The loss came despite Panasonic speeding up its efforts to restructure its unprofitable businesses and restructuring its flatscreen TV division to improve its performance.
“What we need to tackle is the television and related semiconductor businesses,” chief financial officer Makoto Uenoyama told reporters.
“If we downsize these, our profits will be completely different,” he added, calling the forecast losses “the birth pangs of switching to a new strategy.” Panasonic is trying to switch emphasis from consumer technology to energy and environmental technology, such as rechargeable batteries.
Panasonic cut its full-year operating profit forecast to 130bn yen from 270bn yen. It also slashed its estimate for annual TV sales to 19m sets from 25m.

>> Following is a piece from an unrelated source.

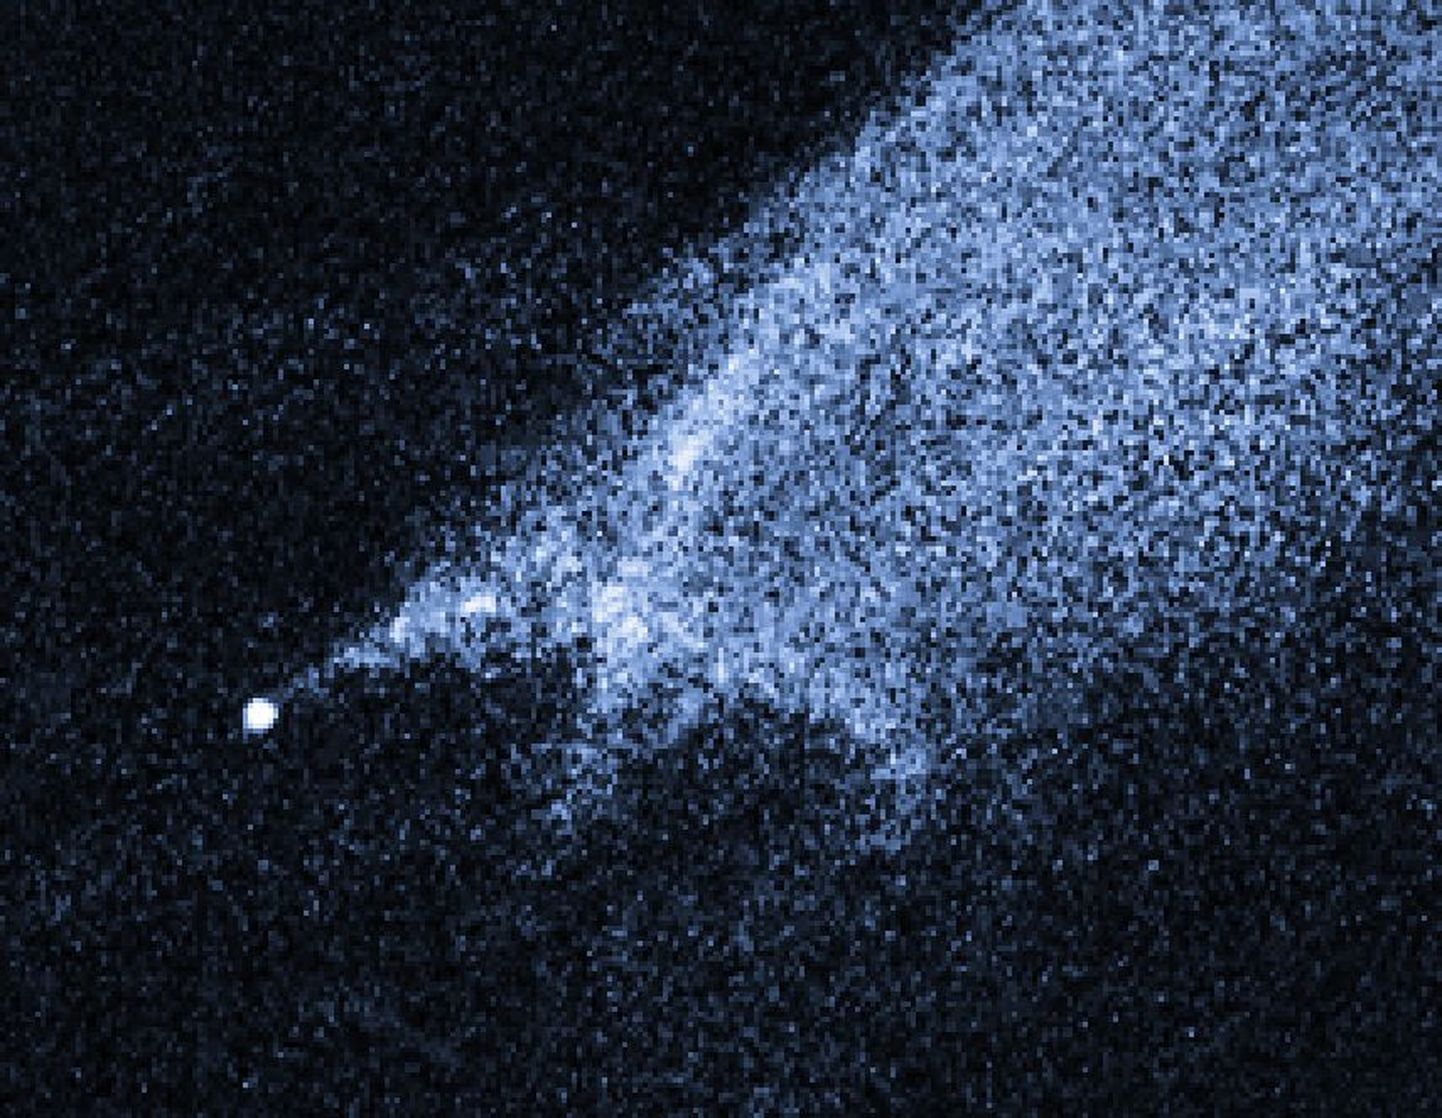 Hubble´i kosmoseteleskoobi pilt oletatavast asteroidide kokkupõrkest

It expects to book a 514bn yen cost of restructuring for the year to March 2012, as it reduces its workforce to 350,000 in 2012, a year ahead of schedule.
Half of the charge comes from restructuring the TV division but the total is far higher than previous estimates of 110bn yen.
It will cut 17,000 jobs to reach the target, though some of these are from overlapping businesses it acquired in its buyout of Sanyo, a subsidiary.
Panasonic said it will stop liquid-crystal panel production at its Mobara plant near Tokyo and is canceling its plans to ship plasma-panel manufacturing equipment from another mothballed plant to Shanghai to start production there, as it aims to turn a profit on TVs in its next fiscal year.
Panasonic’s annual loss, its biggest in a decade, compares with the company’s previous forecast for a net profit of 30bn yen in the year to March 2012 and last year’s net profit of 74bn yen.